Since the most common objection to this is privacy, I propose that the government provide the infrastructure (fiber, airwaves, satellites, etc) and that the use of that infrastructure have strong privacy guarantees and the protections of the existing unalienable rights in the forth amendment of the constitution:

β€œThe right of the people to be secure in their persons, houses, papers, and effects, against unreasonable searches and seizures, shall not be violated, and no Warrants shall issue, but upon probable cause, supported by Oath or affirmation, and particularly describing the place to be searched, and the persons or things to be seized.”

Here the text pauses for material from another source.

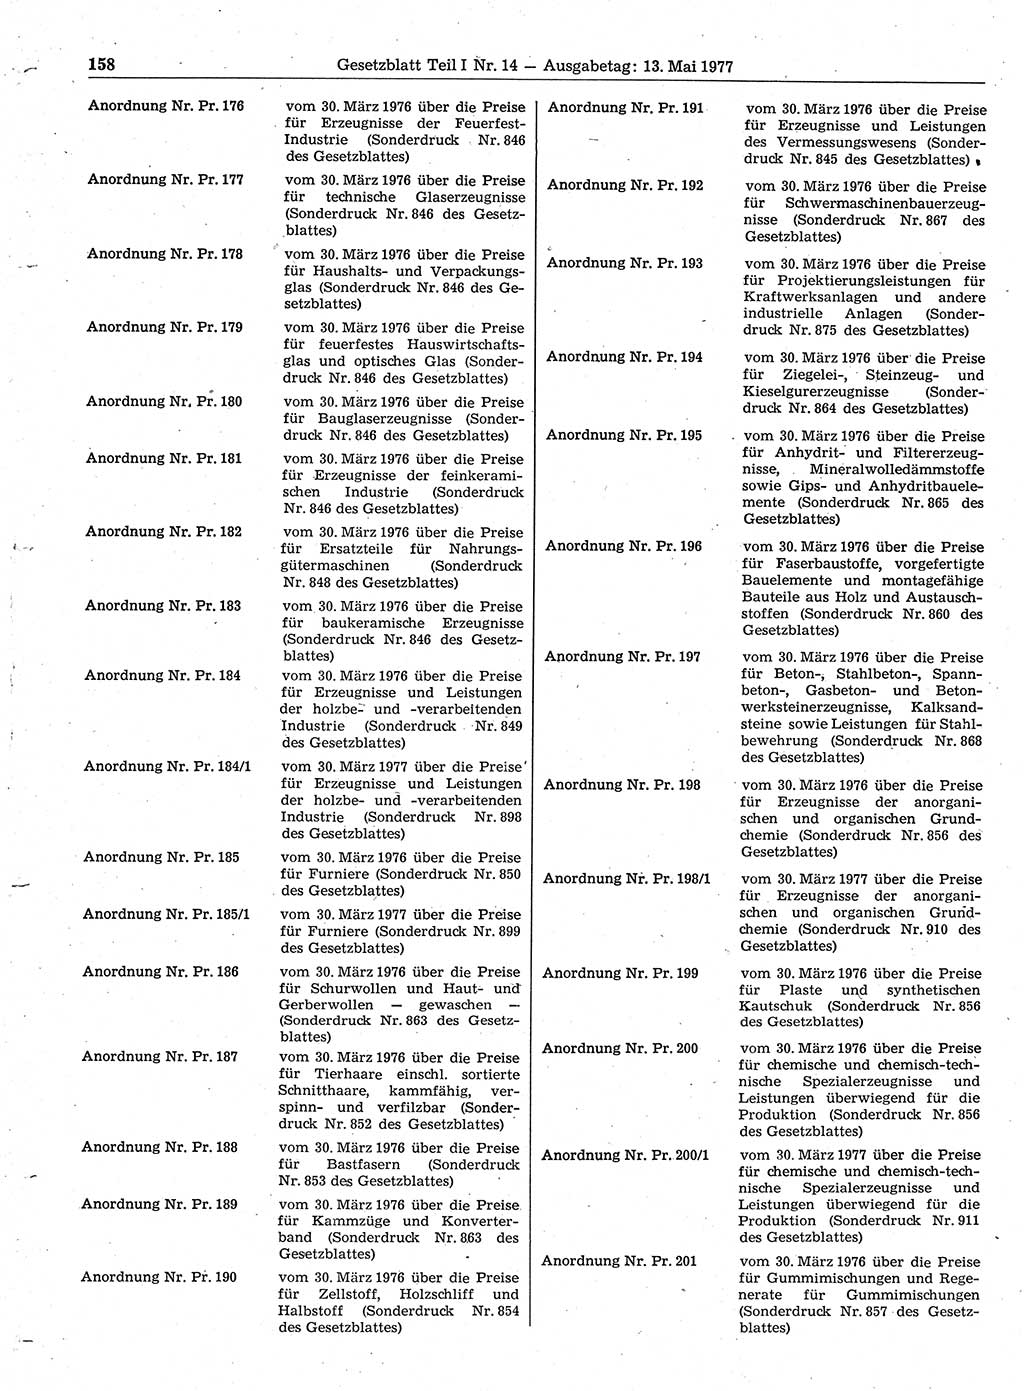 Gesetzblatt (GBl.) der Deutschen Demokratischen Republik (DDR) Teil Ⅰ 1977, Seite 158 (GBl. DDR Ⅰ 1977, S. 158)
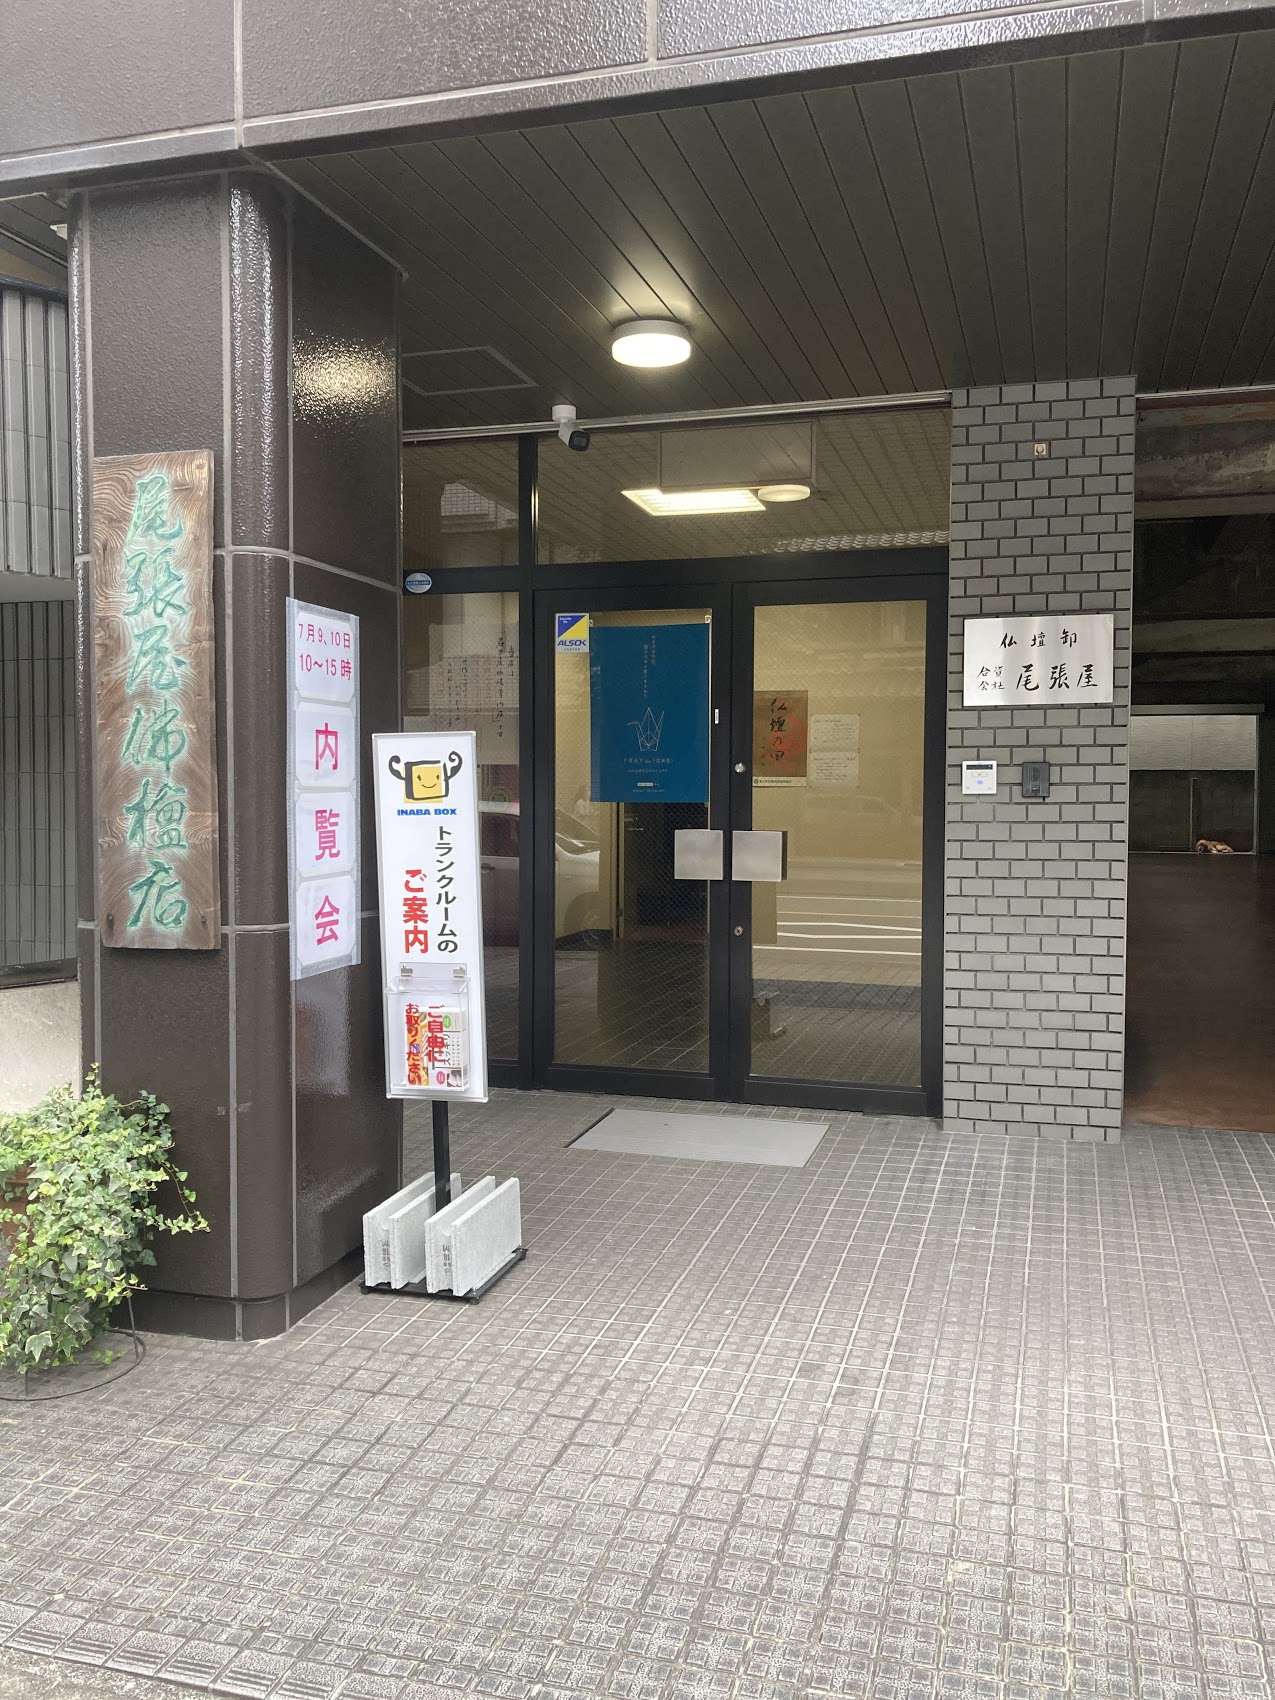 橘本町通り店(たちばなほんまちどおり) 1F店舗入口

ISPs already have strict privacy guidelines, and if anyone thinks that corporations act to insulate users from government surveillance, they are fooling themselves. The protections must start with government itself and require constant vigilance. With regard to the commons, the profit motive should be limited to government contractors in service to the people, not the other way around.


The public telephone company here, "state owned", was de-regulated decades ago.

What was once a state of the art network, the first all-digital telephone system, is now worse than what they're deploying in Eastern Europe. Prices have never been higher for a service that should be cheaper.

How do they even charge for long-distance voice calls these days? It's borderline criminal.